— Нет-нет-нет! — возмущенно качает головой Верней, и длинные темные волосы разлетаются, следуя его движениям. — Нет, нет, нет, никакой Библии, никаких еврейских царей! Побудем сегодня счастливыми язычниками!
— Пей… — Кадош подносит к его губам новую порцию крепкого и сладкого питья с привкусом солнца, — Если ты язычник, пей и возноси хвалу Дионису…
— Хотел бы я знать, какому богу ты молишься, — Эрнест делает пару больших глотков, перехватывает стакан и заставляет Соломона допить остальное.
Тот послушно выпивает и продолжает, как ни в чем не бывало, словно спиртное совсем на него не действует:
— А если так? «Уста твои — как отличное вино. Оно течет прямо к другу моему, услаждает сердца утомленных…» (5)
— Заткнись, заткнись, от библейской поебени меня тянет блевать! — рычит художник, как разозленный, нацеленный на драку кот, или Давид, готовый раскрутить пращу и свалить Голиафа. Он уже совсем пьян, и понемногу его захлестывает экстатический дионисийский восторг:
— Искусство — вот моя единственная религия, свобода — вот моя вера, секс — вот мое причастие, и смерть — единственный бог, каждый день доказывающий свое существование…
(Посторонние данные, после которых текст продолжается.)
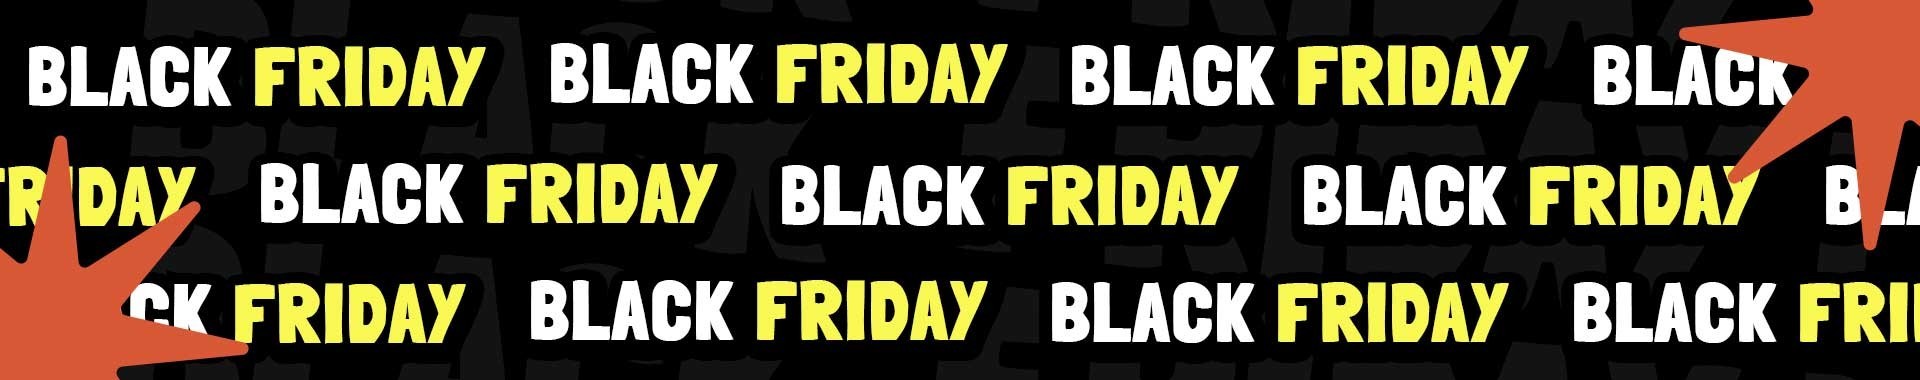 Black Friday en Comptoir Nautique I Los mejores precios del año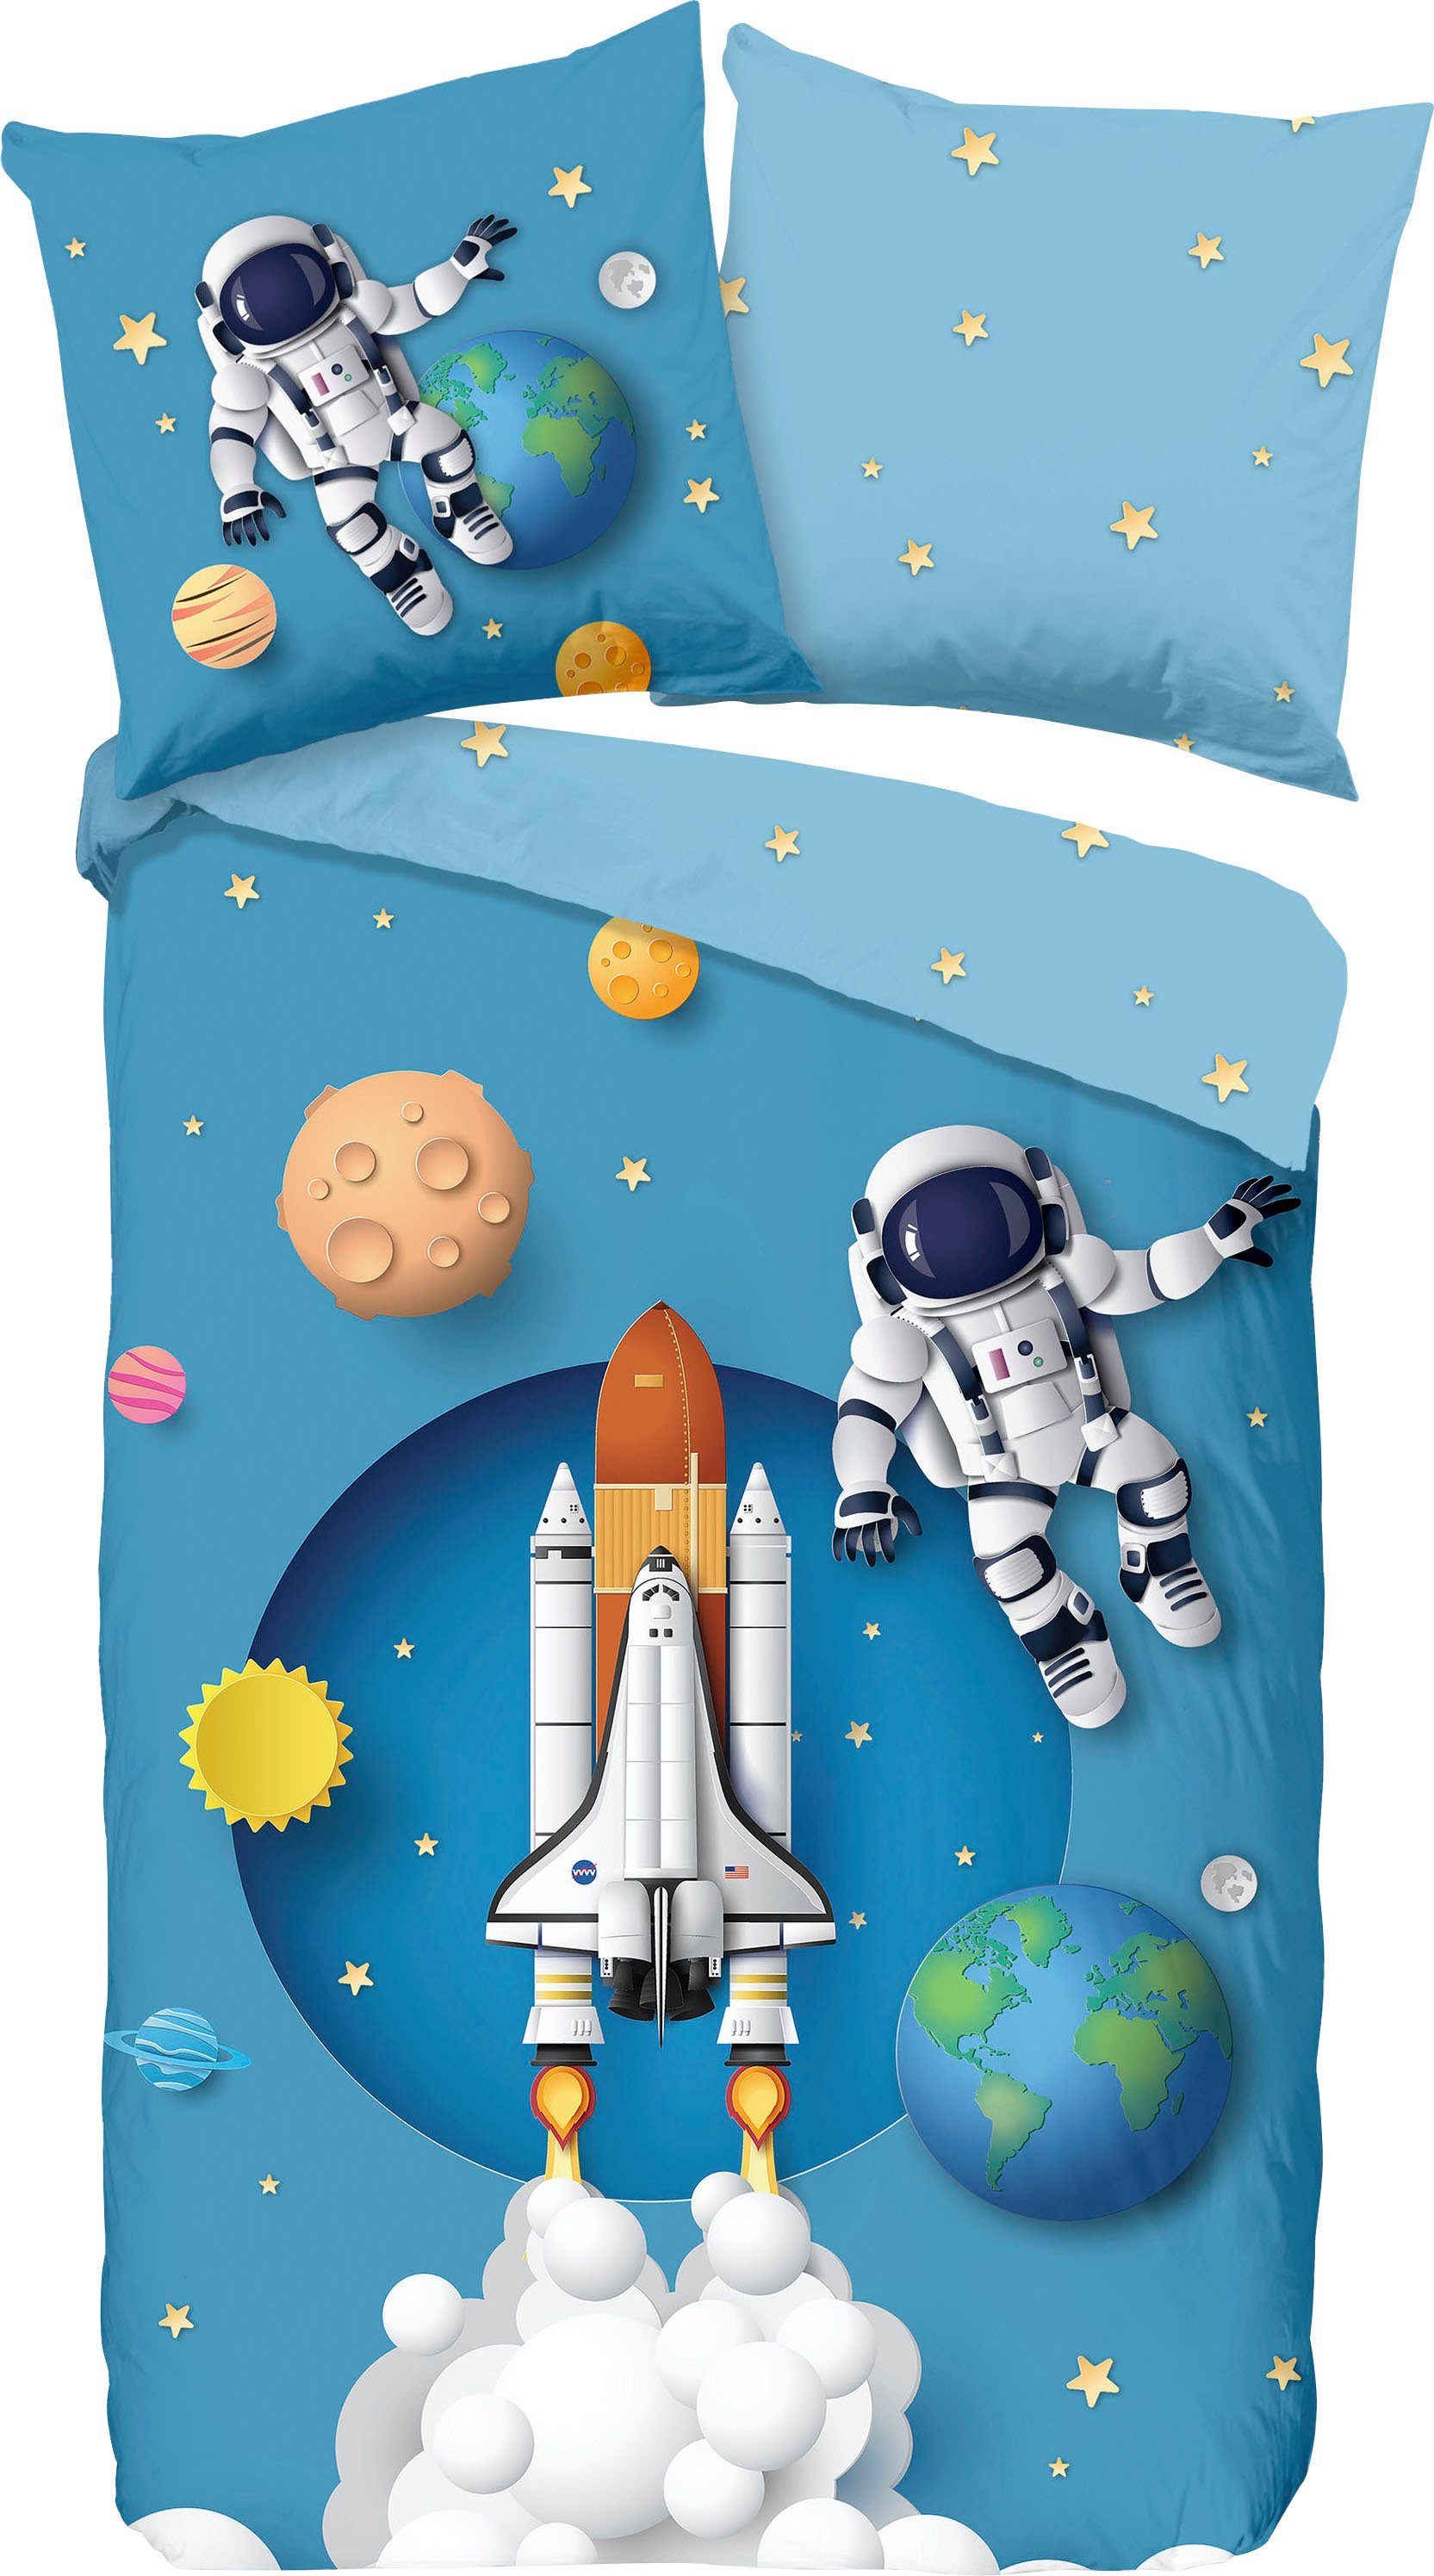 Möbel & Wohnen Bettwaren, wäsche & Matratzen ADELHEID Kinder Bettwäsche  ECHT RAKETE 100 x 135 cm blau astronaut sterne €51.9

— Как насчет любви? — Соломон удерживает его в объятиях, не позволяя спотыкаться и налетать на мебель, пока они медленно, шаг за шагом, как бальные танцоры, перемещаются в сторону дивана.
— О, любовь! Всегда она! Любовь! Сказка для доверчивых деток, опиум для взрослых дураков! Ты что, серьезно, Соломон? Где же твоя хваленая мудрость? — Эрнест смеется и упирается ладонями в широкую грудь «еврейского царя», чтобы хоть немного увеличить расстояние между разгоряченными, жаждущими друг друга телами и не взорваться раньше времени, точно пубертатный подросток. Соломон молча усмехается в ответ на подначку, но его рот наполняется слюной от желания собственными губами и языком испытать смеющийся рот Эрнеста.
Потом они пьют кубинский ром, закусывая фруктами из вазы — гладкокожими персиками, бело-розовыми, истекающими прозрачным соком, пачкающей пальцы бордовой клубникой — и конфетами из круглой нарядной коробки, миндалем в шоколаде и апельсиновыми цукатами, добавляют еще рома, и… контуры реальности окончательно стираются, уплывают в золотистый туман.
…Вспышка: Эрнест обнаруживает себя голым, на коленях перед диваном, между широко раздвинутыми ногами Соломона — в брюках, расстегнутых и спущенных на бедра вместе с бельем, хрипло стонущего, с запрокинутой головой — в то время как он сосет его член. Роскошный обрезанный член, торчащий вперед и вверх на манер атакующей сабли…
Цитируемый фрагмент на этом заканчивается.